Vraiment, après tout ce travail, toutes ces images et ces réflexions en groupe et en moi-même, je me dis que, définitivement, j'aurai du mal à ne pas réfléchir à deux fois avant de franchir la porte de tel ou tel endroit, et que je serai dorénavant plus attentive aux traces de mon passage dans les pays et les villes que je visite ...
Un endroit protégé où je sais qu'il n'y aura jamais d'immeubles...
1 commentaire:
Bonjour !
Article très intéressant;en effet on peut se proclamer "voyageur" tant qu'on veut; on reste au sens propre des touristes, qui d'un côté suscitent le développement d'une économie lié au tourisme, et de l'autre ont un impact certain, pas forcément positif, sur les populations et les environnements.
Vraiment, je trouve cette réflexion très pertinente, ça implique de se responsabiliser pour penser sa pratique de voyage.
Un exemple tout bête, je me souviens être allée au Canada il y a quelques années, et faire une excursion en zodiac pour observer les cétacés. Quel moment merveilleux, inoubliable !
Mais quelques temps après, je me suis rendu compte lors d'un reportage, que la pollution sonore et de carburant troublait la reproduction des baleines dans le fleuve St Laurent. J'avais cautionné quelque chose d'effroyable !

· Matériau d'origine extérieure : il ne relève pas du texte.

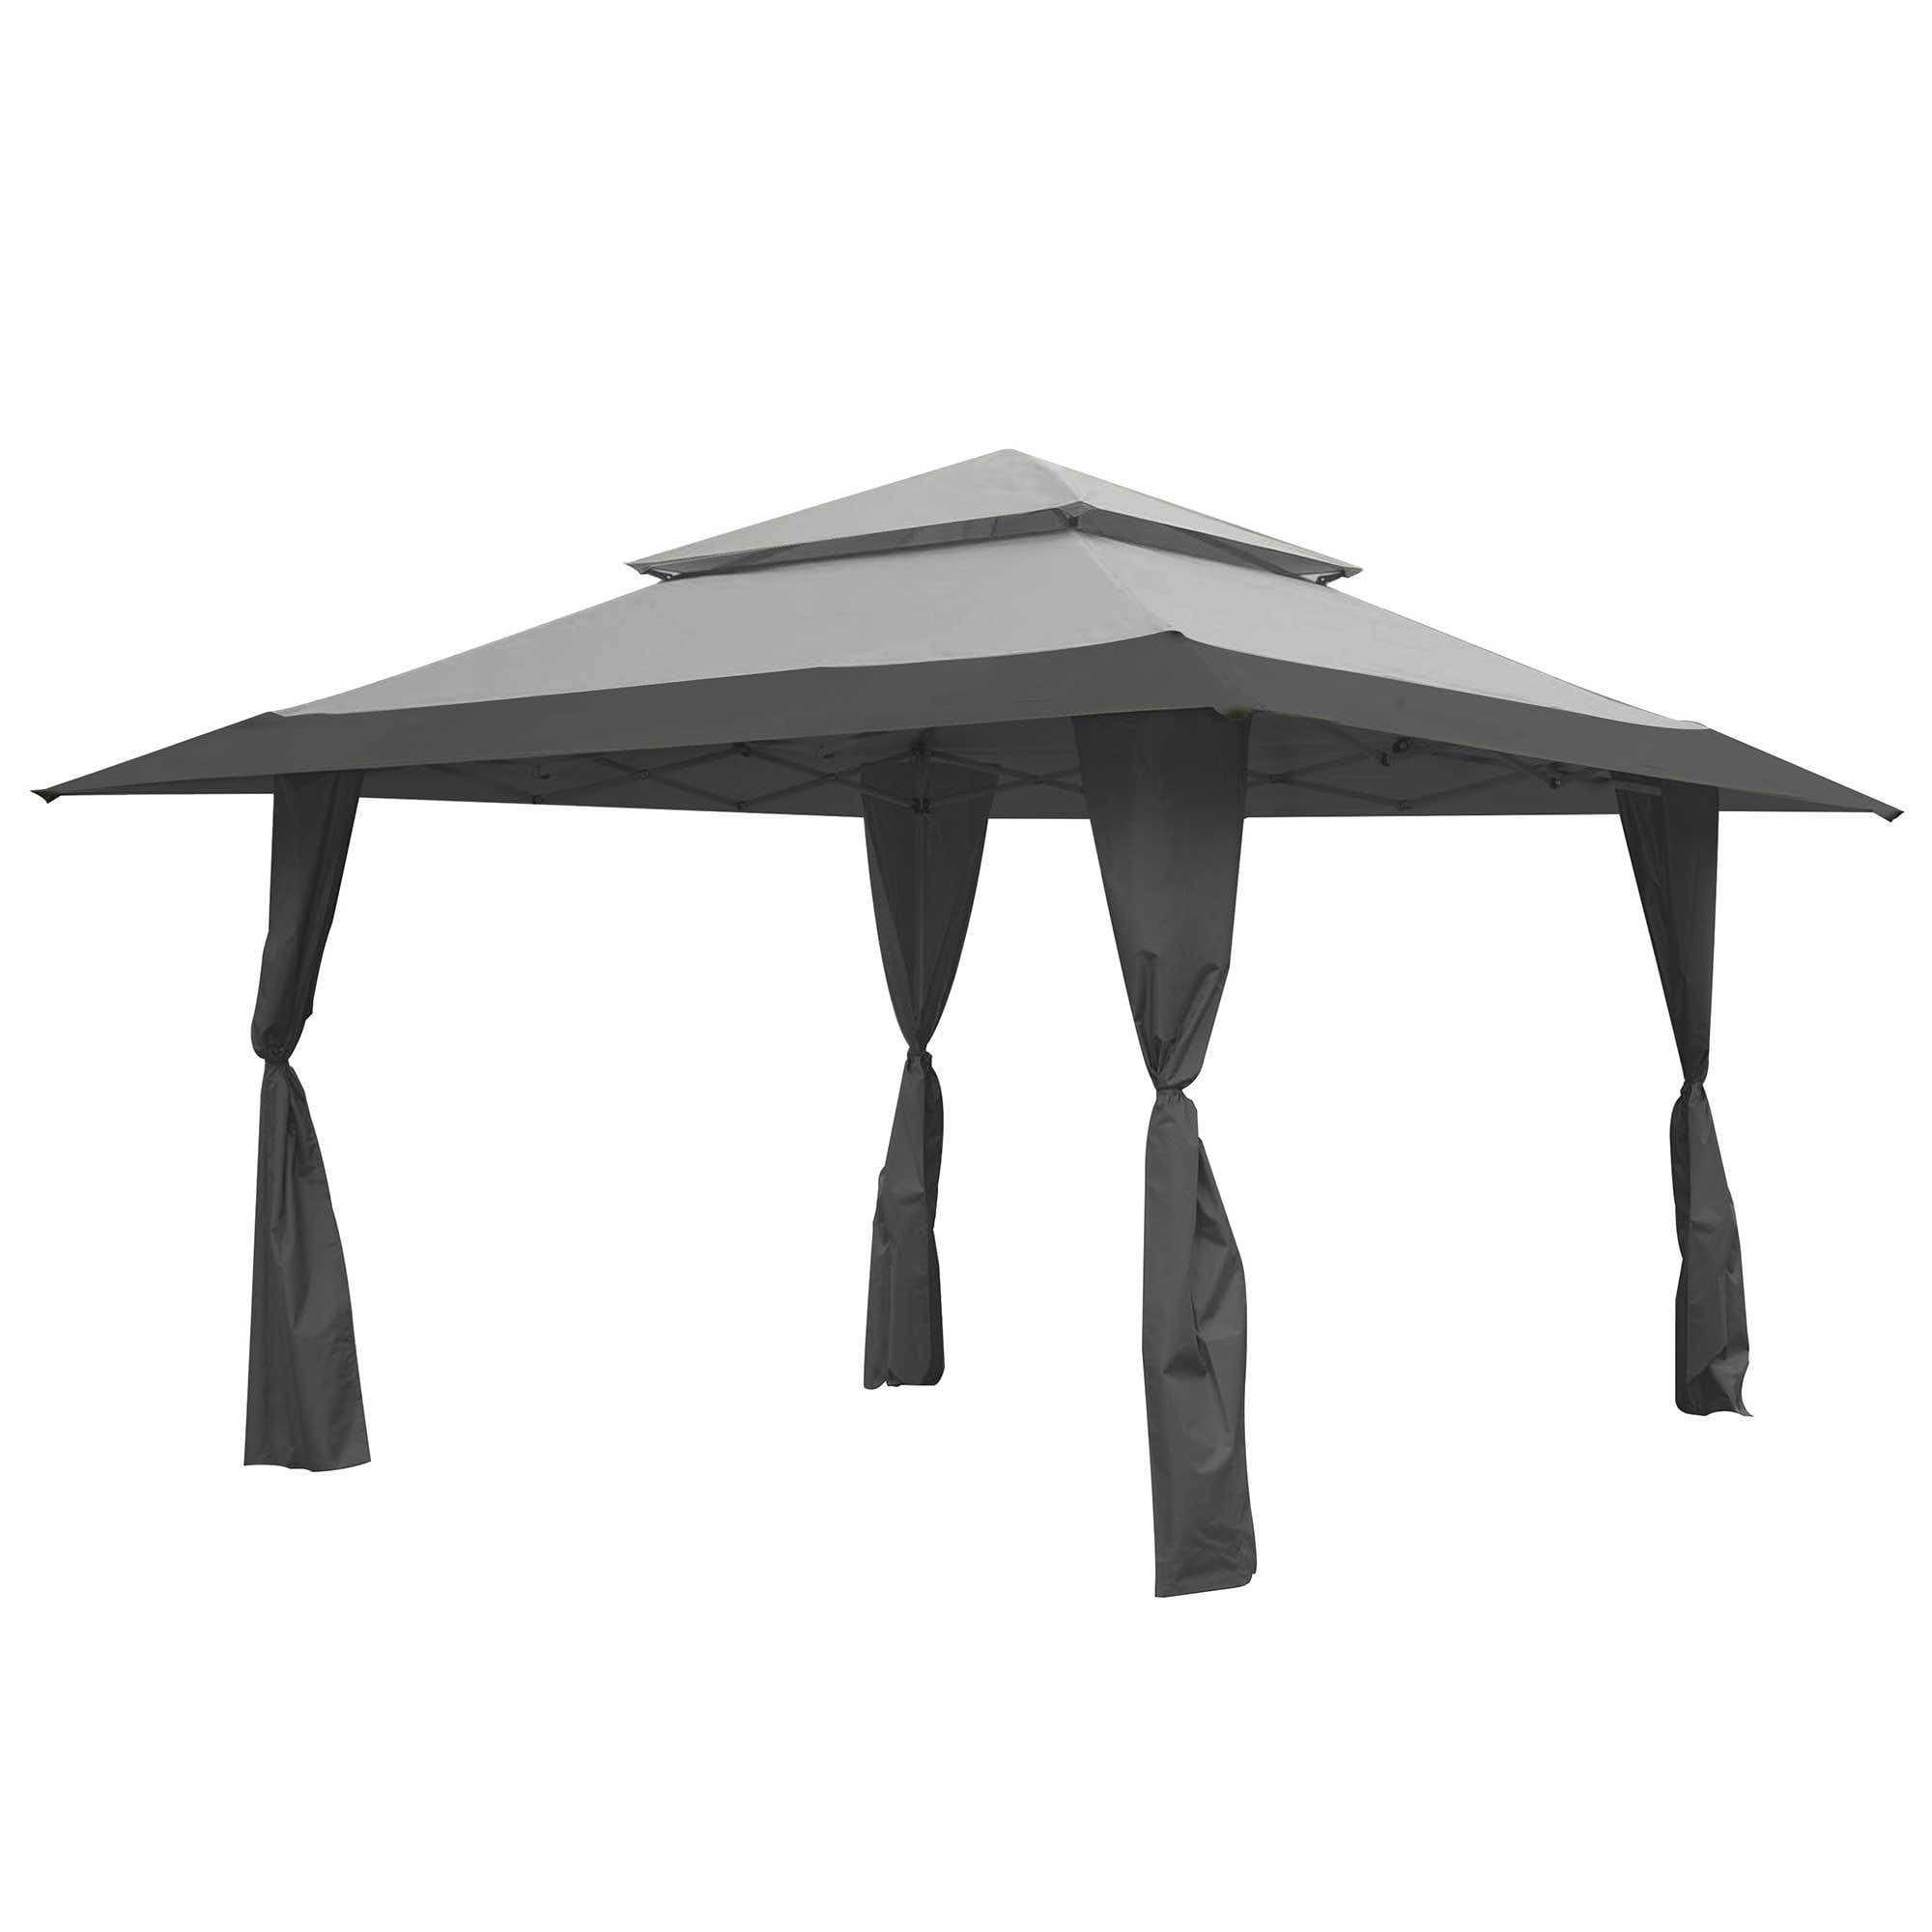 Z-Shade 13'x13' Instant Gazebo Canopy Tent Outdoor Patio Shelter Gray 2 Pack

Du coup, cet été quand je suis allée observer les baleines en Islande; j'ai choisit une compagnie qui s'engage pour le développement durable, qui restaure de vieux voiliers, utilise l'énergie électrique pour que éviter la pollution, y compris la pollution sonore qui dérange beaucoup les cétacés.
Bref, tout ça pour dire qu'on peut parfois faire des erreurs sans le savoir, et j'ai compris depuis qu'il valait mieux s'informer au maximum avant; histoire d'éviter ce genre de comportements.